■ Problem: For every line in the material, output its text exactly and exclude any image it holds.

■ The data:
------------------------------------------------
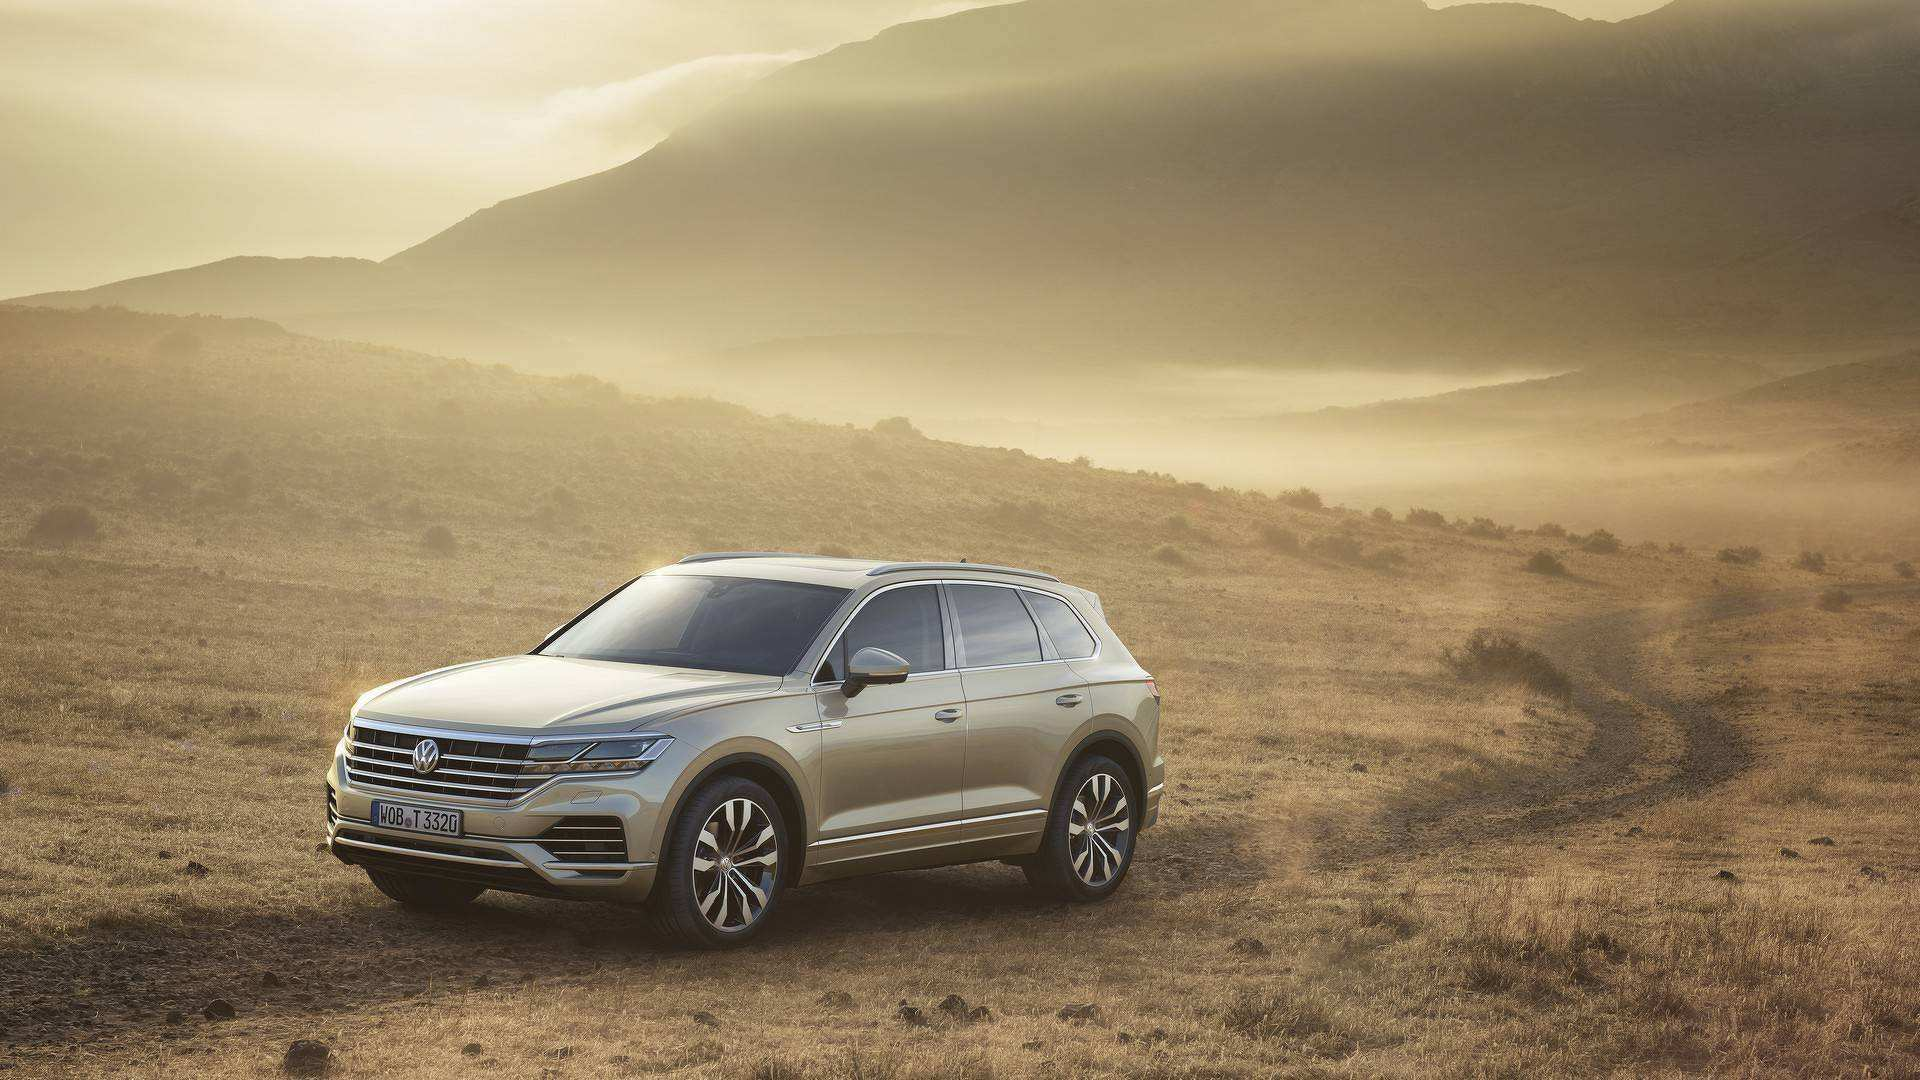 56 New VW Touareg 2020 Usa Research New for VW Touareg 2020 Usa
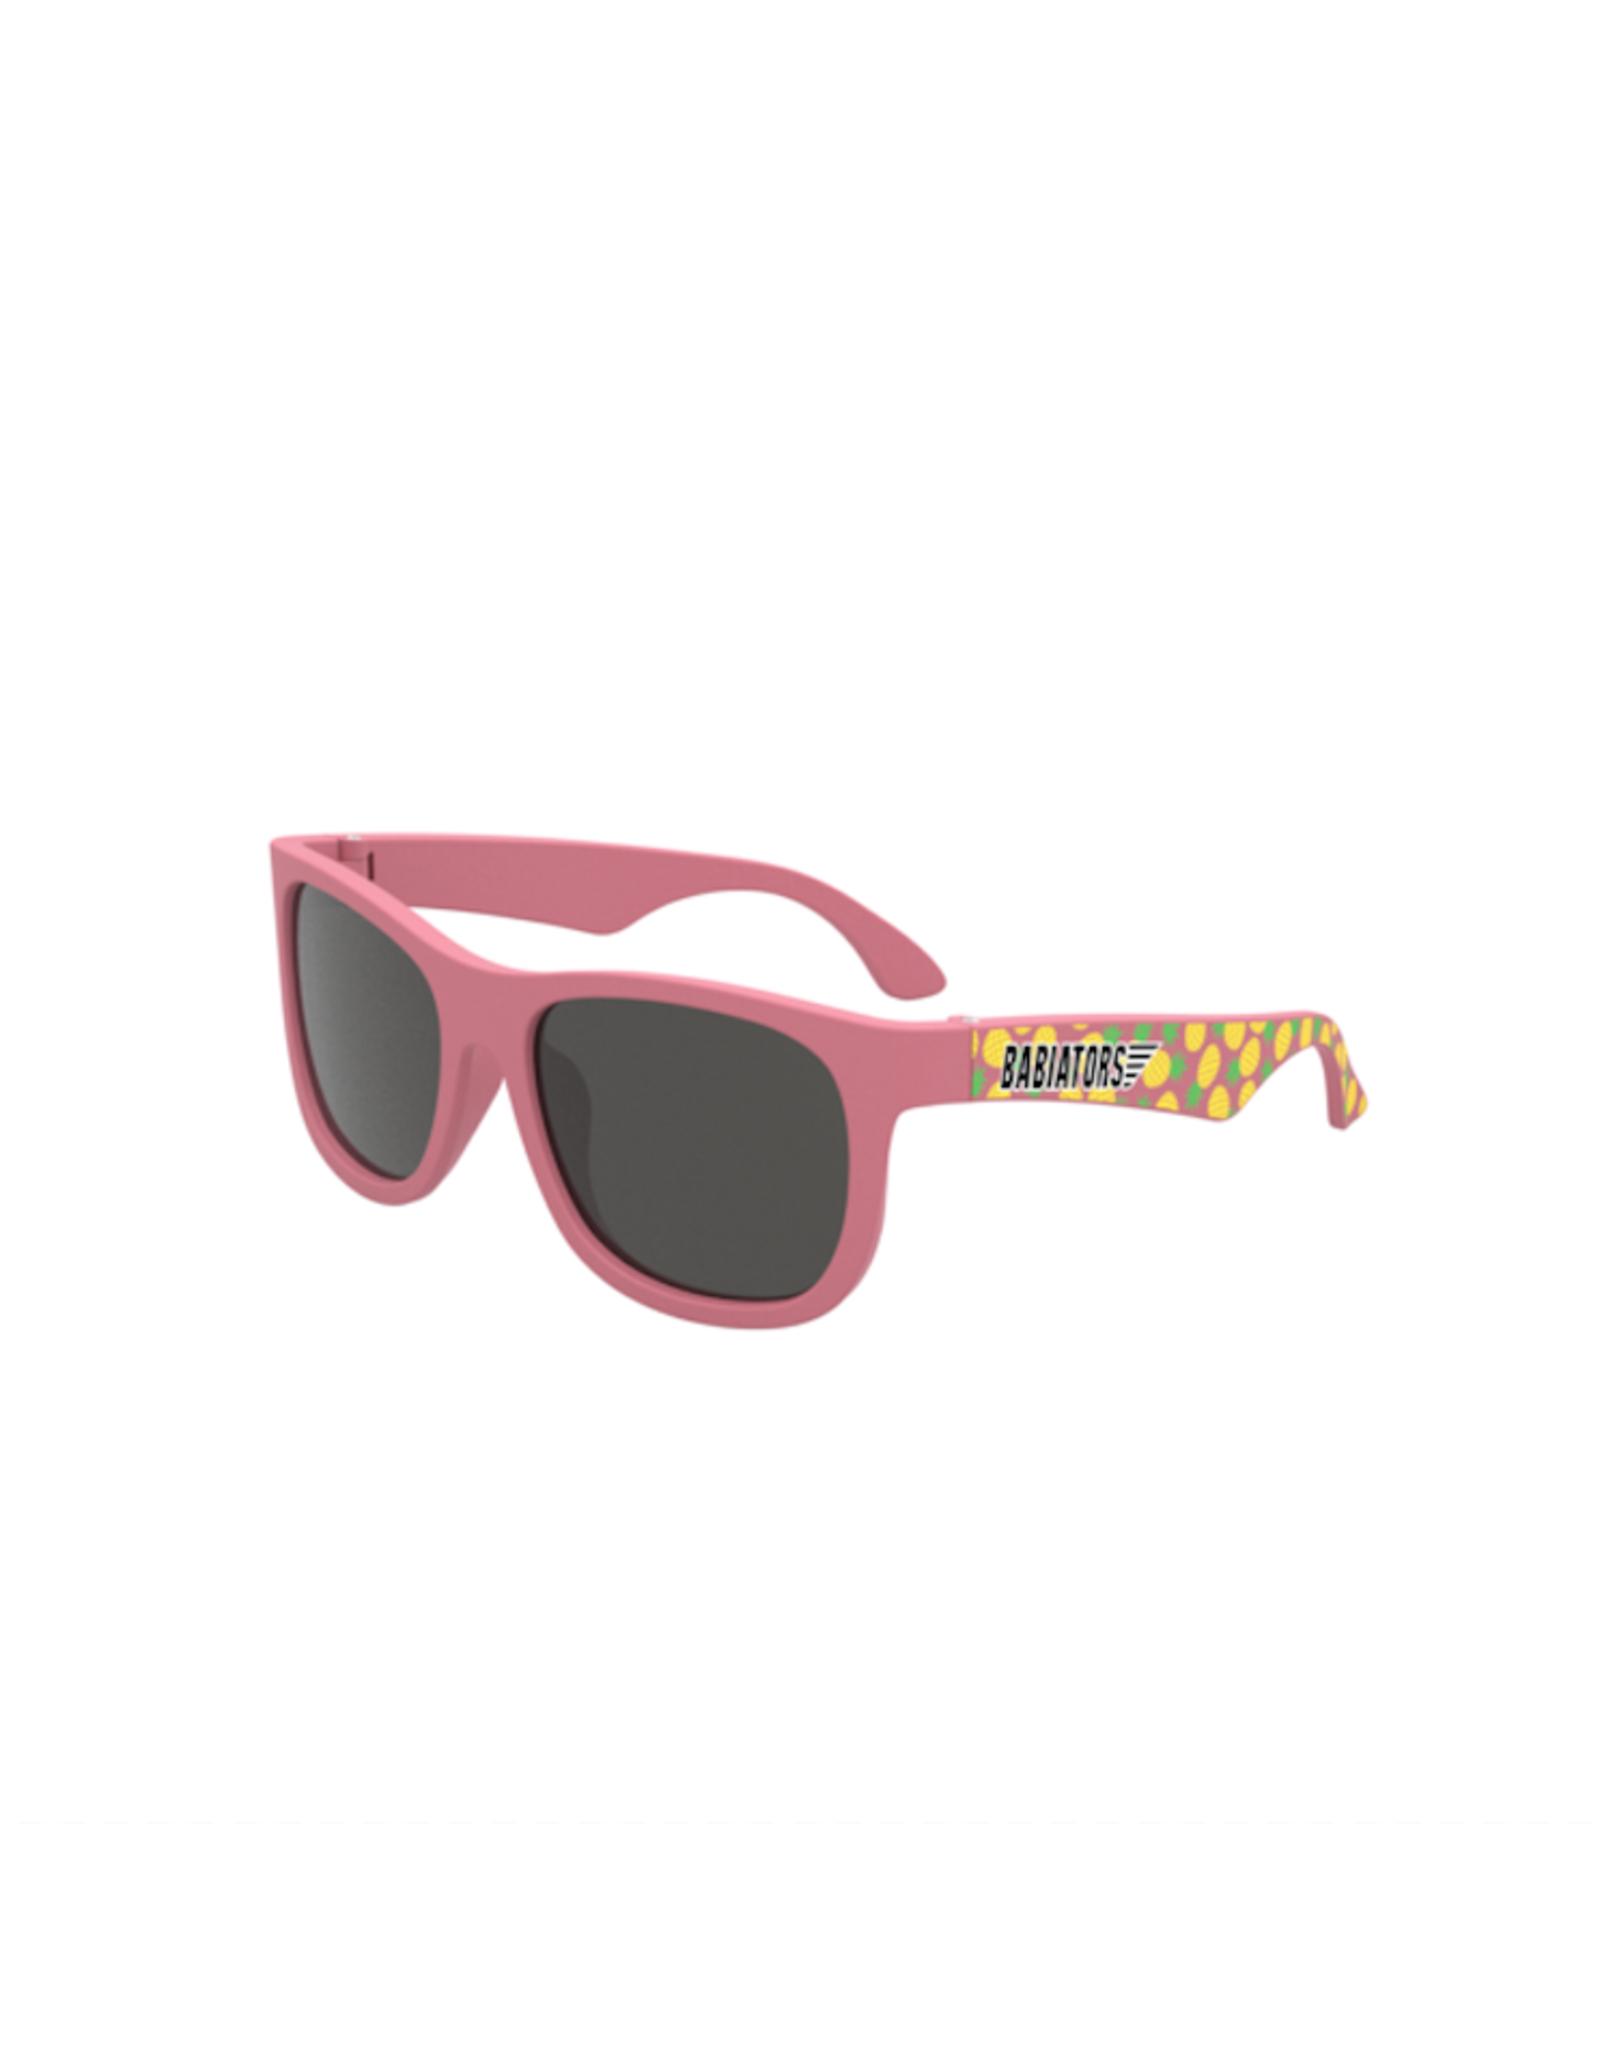 Babiators Limited Edition, Navigator, Sunglasses, Pineapple of my Eye Coral
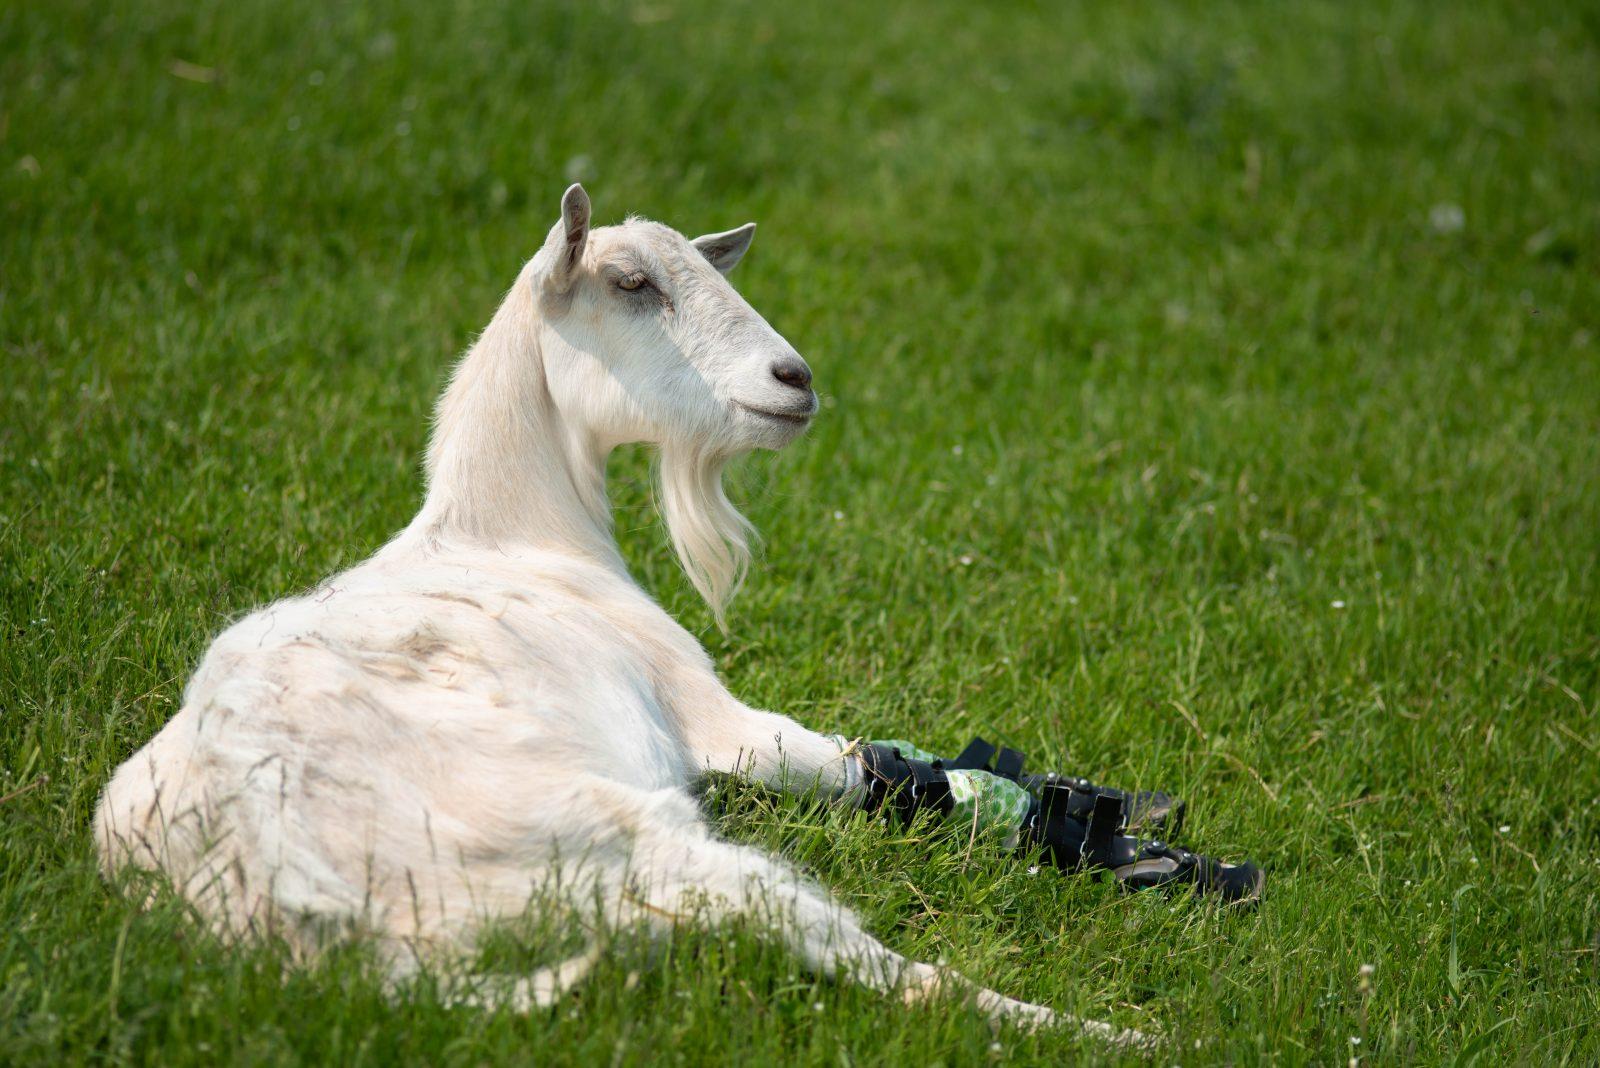 Bam Bam Goat at Farm Sanctuary
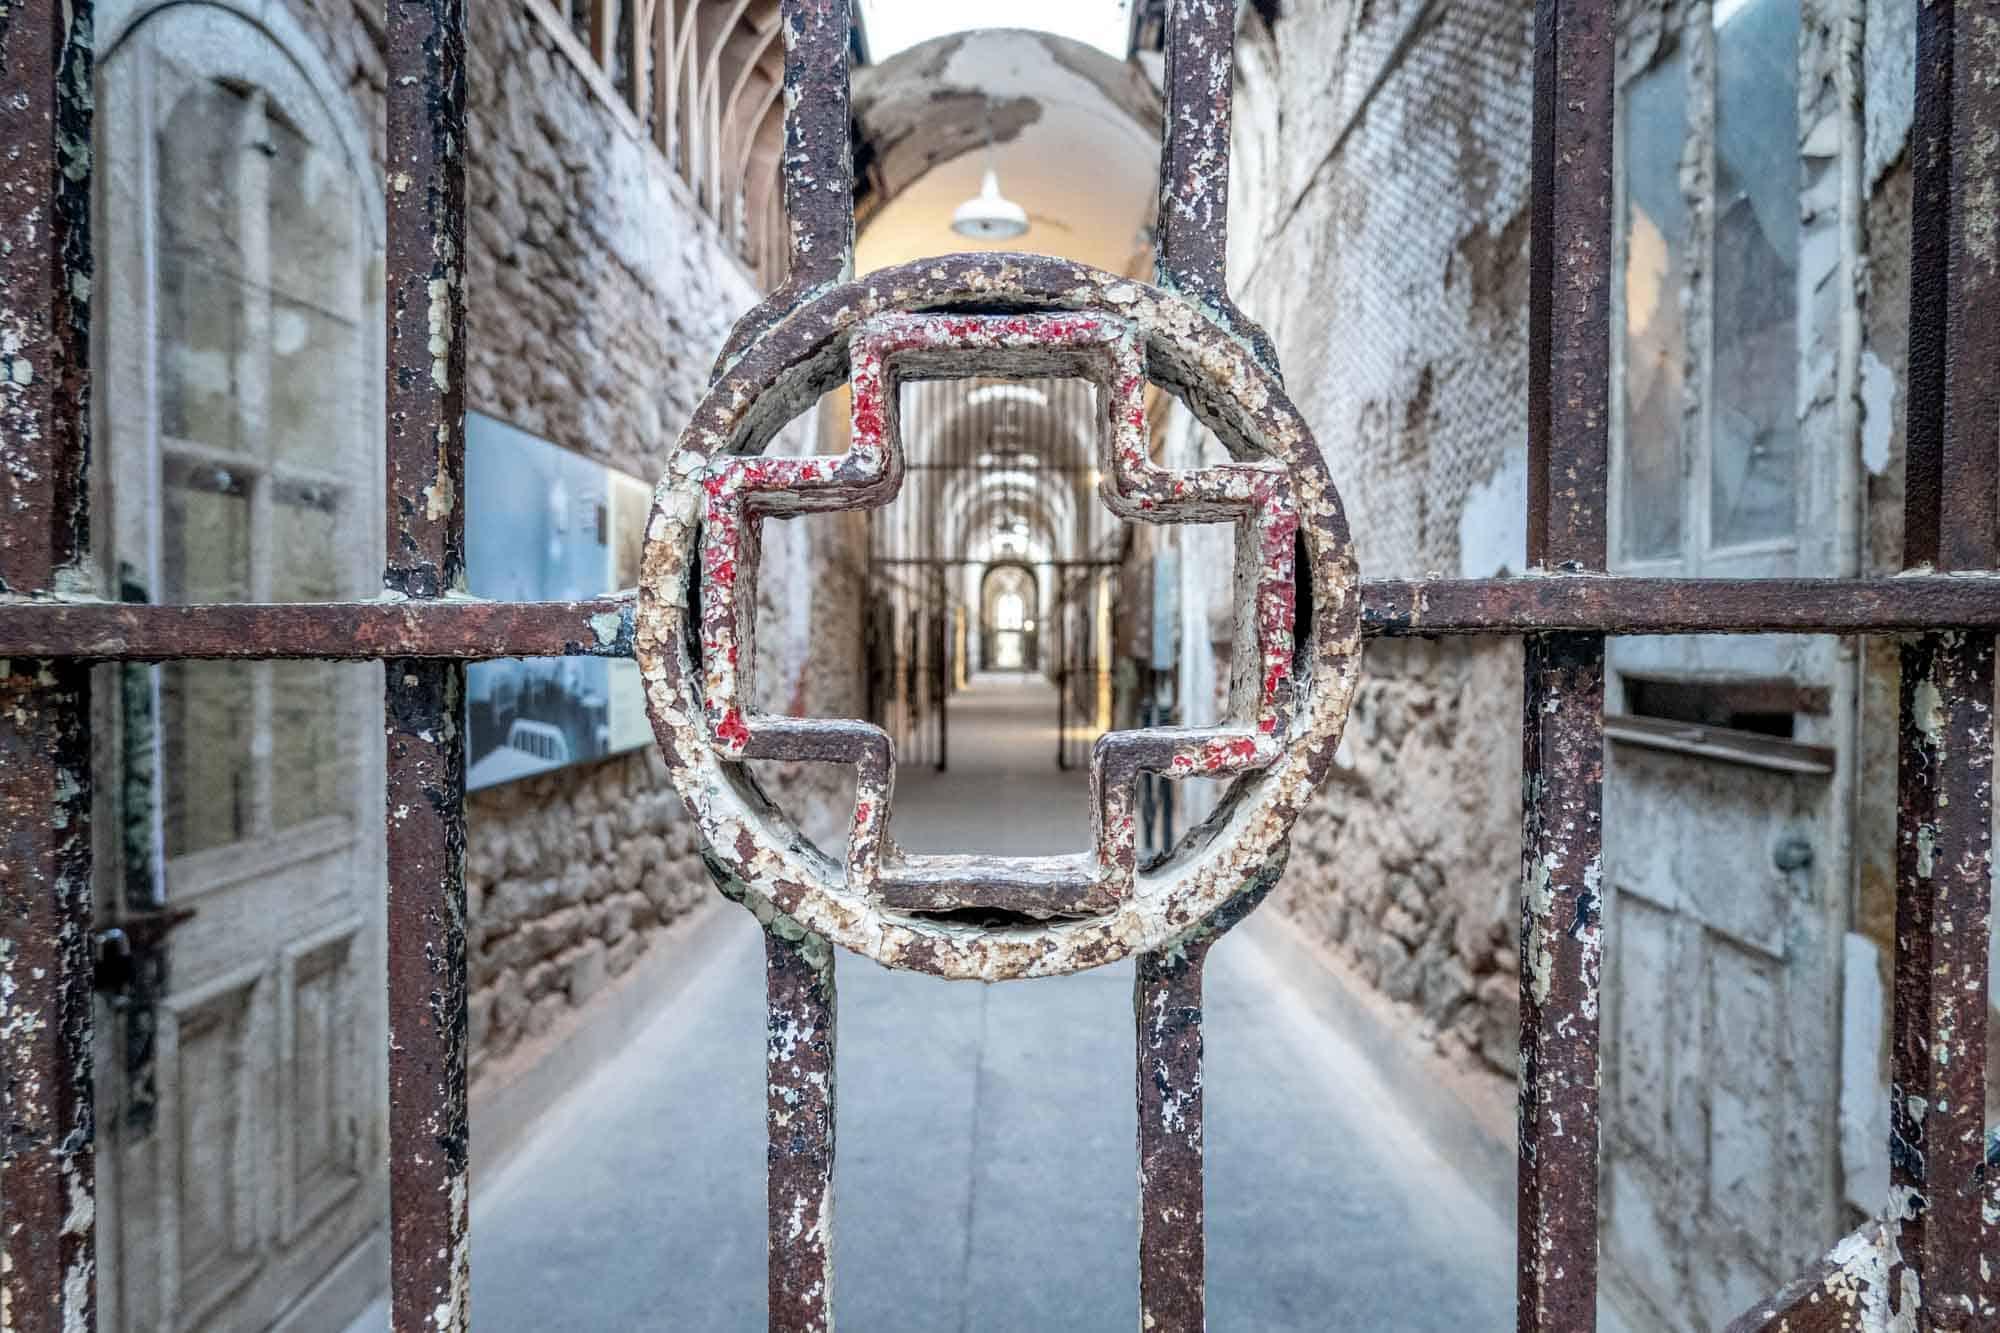 Medical cross in prison cell bars
------------------------------------------------
■ Response to the task:
 56 New VW Touareg 2020 Usa Research New for VW Touareg 2020 Usa
 Babiators Limited Edition, Navigator, Sunglasses, Pineapple of my Eye Coral
 Bam Bam Goat at Farm Sanctuary
 Medical cross in prison cell bars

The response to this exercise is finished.